客服中心為企業組織和顧客聯繫時的主要方式，在全球各地都具有一定程度的發展。近年來對於客服中心問題的研究也日益增加，由於資訊設備的進步，因此硬體設備在客服中心裡並非最主要的成本，客服中心大部分的成本來自於服務人員成本，根據相關研究約為60%至70%，所以如何能在滿足一定程度的服務水準(Service level)下，使得服務人員總成本最小，為客服中心問題主要探討的部分。

　　在相關文獻中，有許多學者利用模擬方法，發展不同的演算法以處理客服中心問題，且所搭配使用的數值分析方法也不同，各自擁有不同的優缺點和適用情況。而本研究針對幾個能運用於此問題的演算法進行分析與討論，第一個為切面模擬演算法，主要以整數規劃處理樣本平均近似問題並輔以切面法加入切面限制式的方式求解。第二個為拉格朗日模擬演算法，使用拉格朗日乘數法簡化原始問題為一無限制式的模擬最佳化問題，並搭配區域搜尋求解。第三個為模擬迭代演算法，以模擬為基礎，取代傳統等候模型求解服務人員配置的方式，在考慮連續時間的到達率變動情況下進行求解。本研究主要目的為討論各個模擬演算法的優缺點以及執行績效，並設定各種情境及變因進行實驗，分析各個模擬演算法在不同設定下的表現會有何變化，以及其適用範圍。

　　切面模擬演算法以及模擬迭代演算法的表現相近，都有著不錯的目標成本以及PFS。整體來說，切面模擬演算法在加入可行性判定程序後，在目標成本以及可行解機率的綜合績效是最好的，但必須花費最多的模擬成本。拉格朗日模擬演算法則是改變拉格朗日乘數的計算方法後，績效表現能得到有效的改善，但較其他兩個演算法差一些。而模擬迭代演算法則是能夠在不耗費太多模擬成本的情況下，得到良好的目標成本及可行解機率。

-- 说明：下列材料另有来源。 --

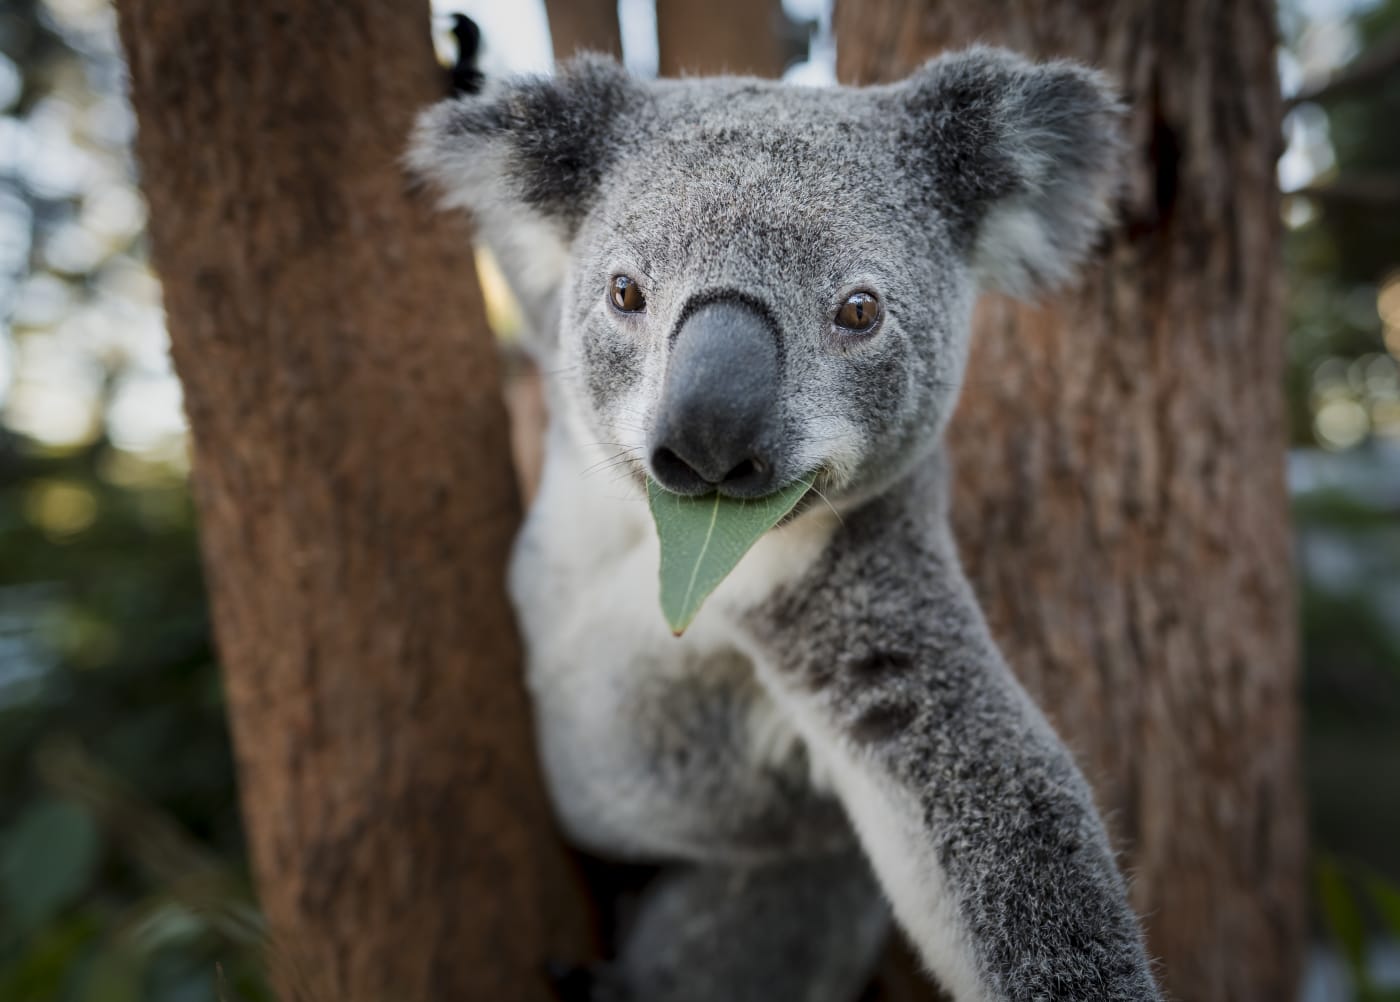 Koala eating a leaf in care, southeast Queensland, April 2017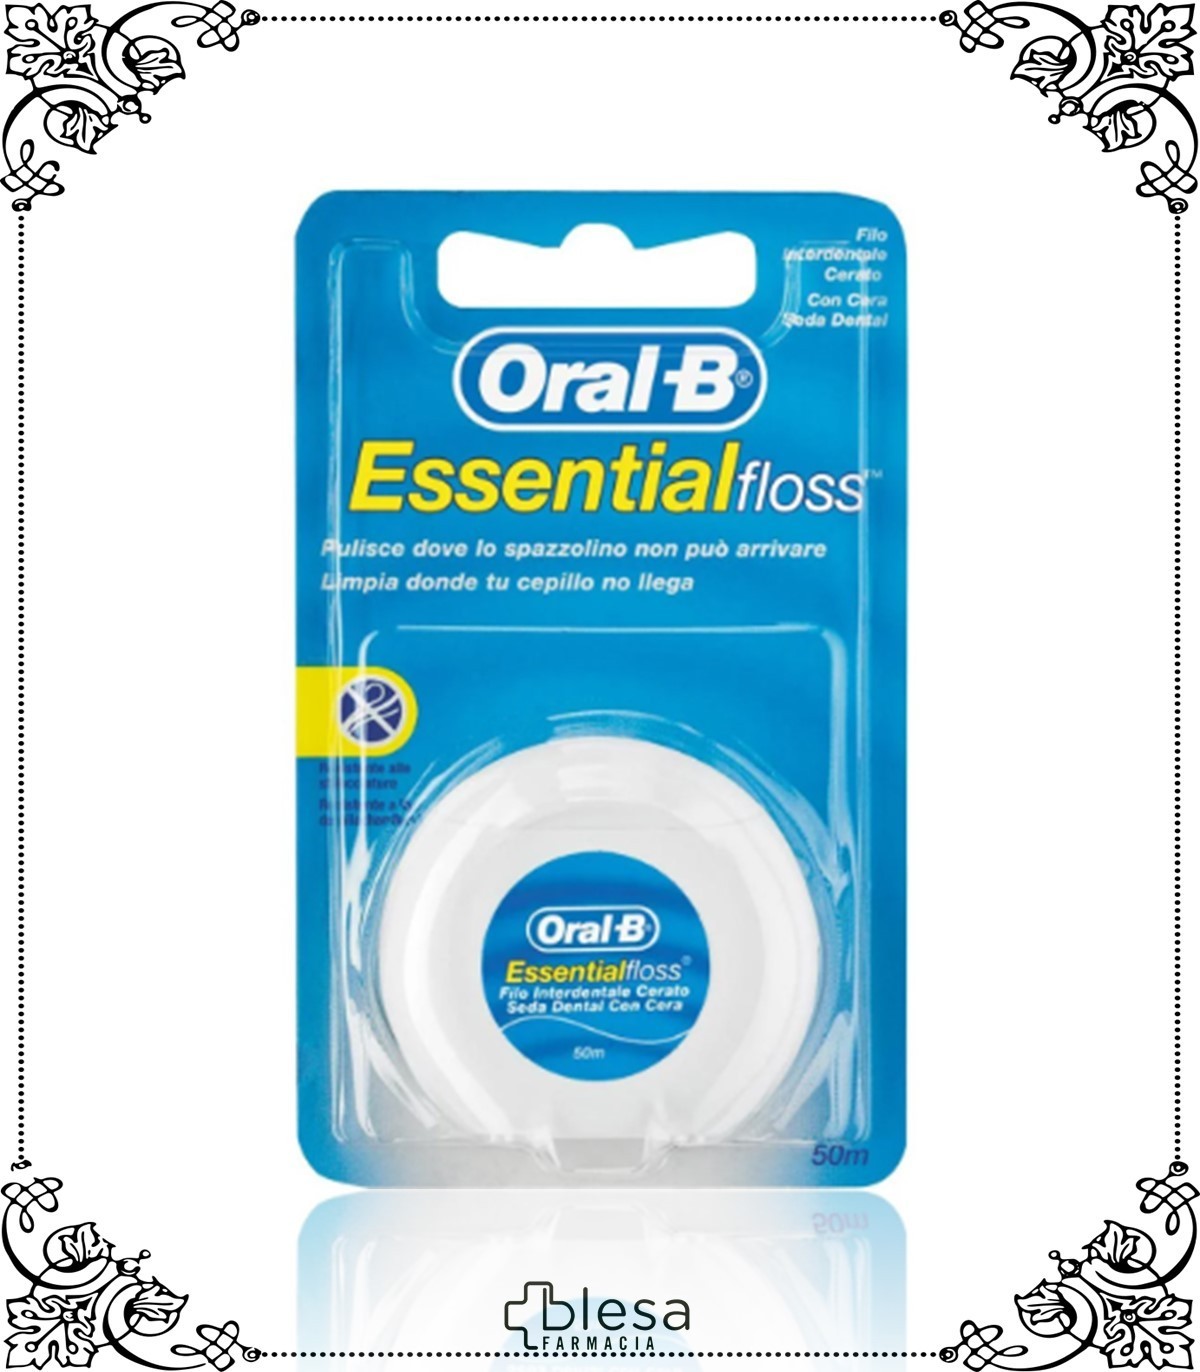 Comprar Hilo Dental Oral-B Essential Floss Menta

　　We propose and improve three Simulation-based algorithms, the Cutting Plane Algorithm, Lagrangian Algorithm, and Iterative Algorithm, to solve the agent staffing problem in a single-skill call center. This problem aims to minimize the total costs of agents subject to service-level requirements that are estimated by simulation. The first algorithm combines the Cutting plane method and integer programming, then we improve it by using the Multiple Feasibility Check Procedure (MFCP). The second algorithm combines the Lagrange method and local search, then we improve it by updating lagrange multipliers. The third algorithm combines the queueing method for staffing, then we improve it by adjusting transform method of service-level. In our numerical experiments, all three algorithm perform better with new setting, though each of them has some strengths and weaknesses, the Cutting Plane Algorithm and the Iterative Algorithm perform better under most scenarios.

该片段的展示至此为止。